Member of the Arizona House of Representatives from the 29th district
- In office January 2009 – April 2012
- Preceded by: Tom Prezelski Linda Lopez
- Succeeded by: Lydia Hernandez Martin J. Quezada

Personal details
- Born: Whittier, California
- Party: Democratic
- Profession: Politician

= Daniel Patterson (politician) =

American politician

Daniel Patterson was a member of the Arizona House of Representatives, representing Arizona's 29th District from January 2009 until his resignation in April 2012.

Patterson won re-election to the Arizona House during the 2010 election, but a complaint had been filed by fellow Democratic legislator Katie Hobbs in late February 2012. She and others alleged ethics violations which included "domestic violence, intimidating fellow lawmakers, outbursts of anger, marijuana use, and offers to a lobbyist to trade sex for a vote".
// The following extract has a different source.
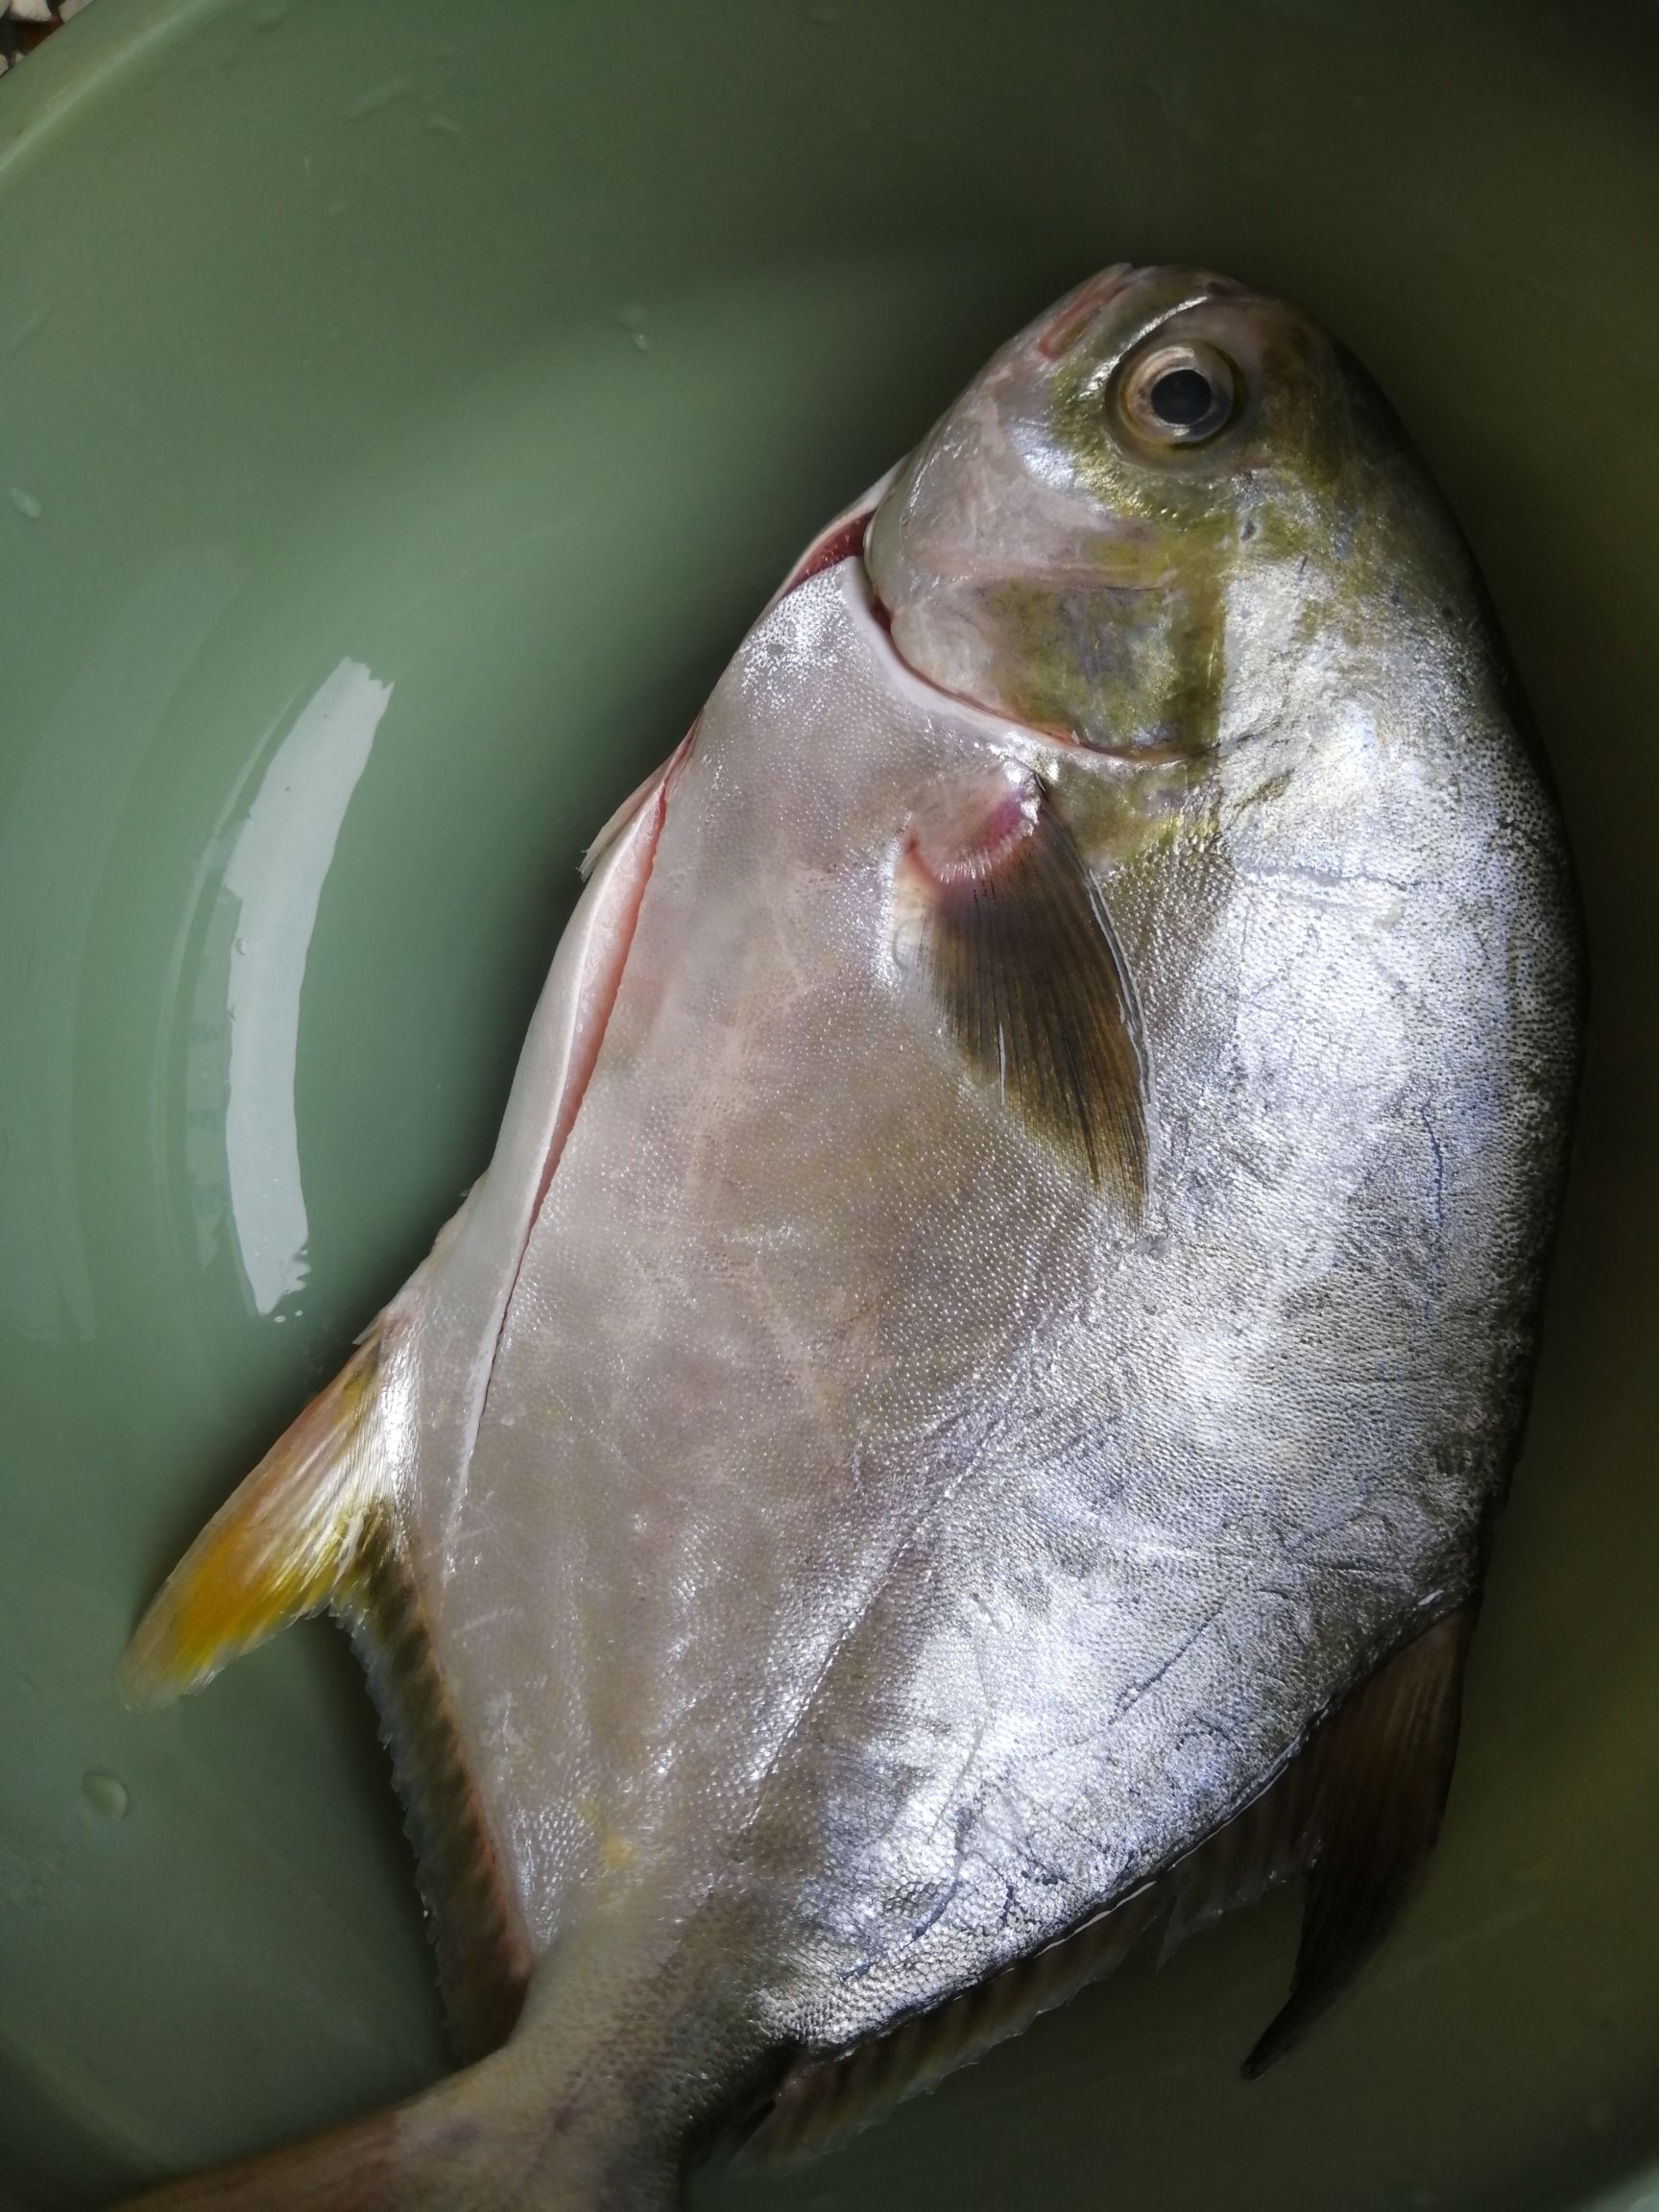 Don't Forget The Soup-home-cooked Pomfret recipe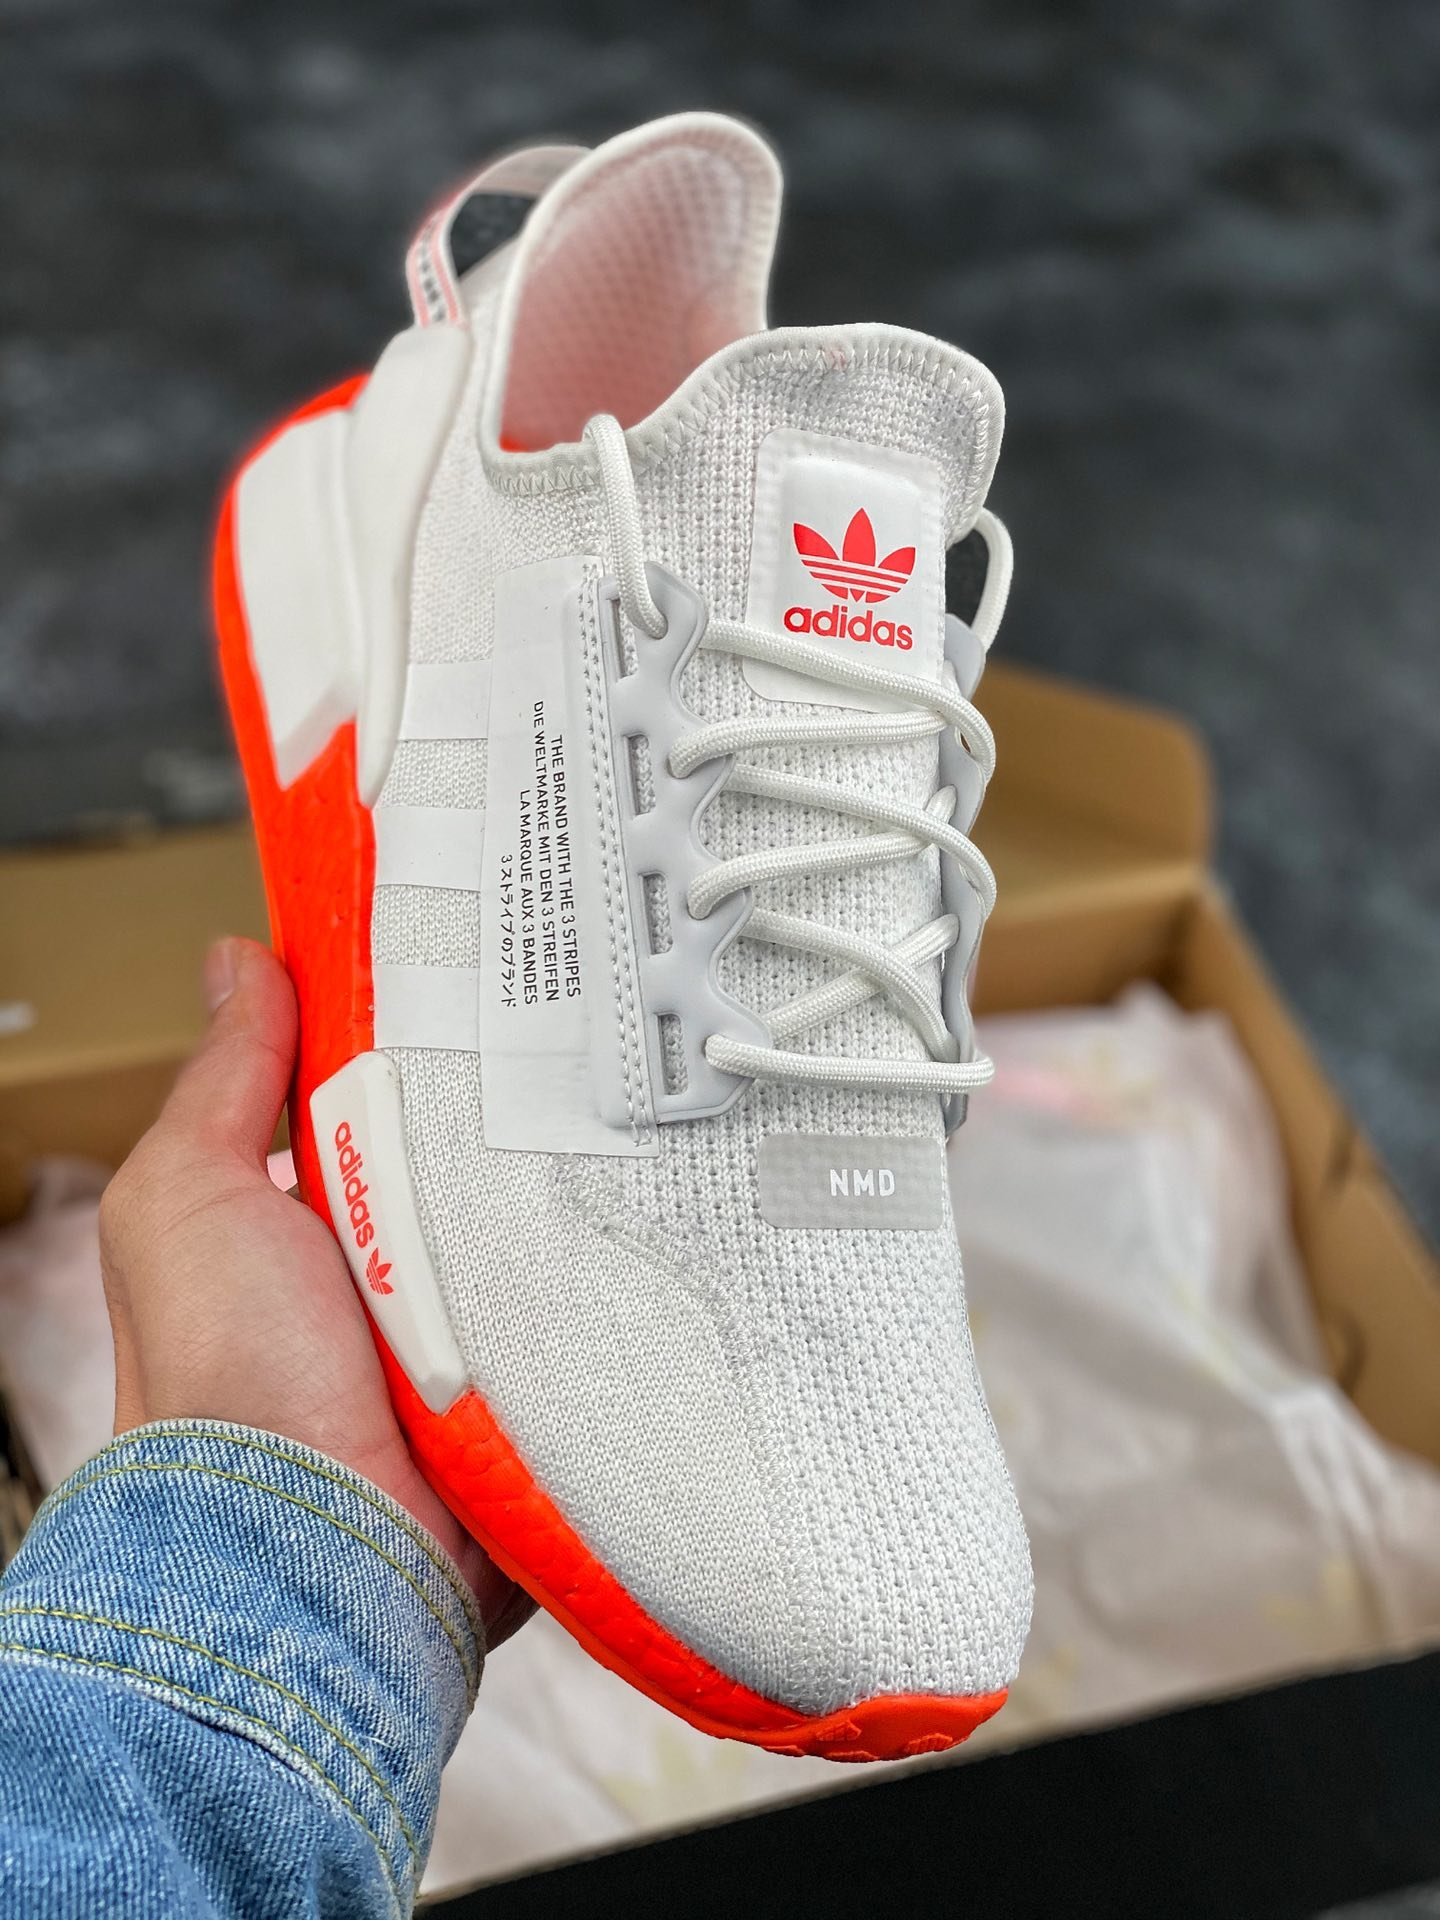 adidas nmd r1 Offer Recommendations 2020 Months Shrimp Skin Shopping Taiwan

He resigned shortly before a vote was taken in the House regarding whether or not he would be expelled. Patterson had described the claims related to domestic violence and sex as "outrageous lies(s)" and said that his actions related to the other allegations "had been misconstrued." His resignation came after the bipartisan House Ethics Committee had unanimously voted to expel him from the body.

Daniel Patterson was acquitted of the domestic violence charges in a Tucson court of law August 2012.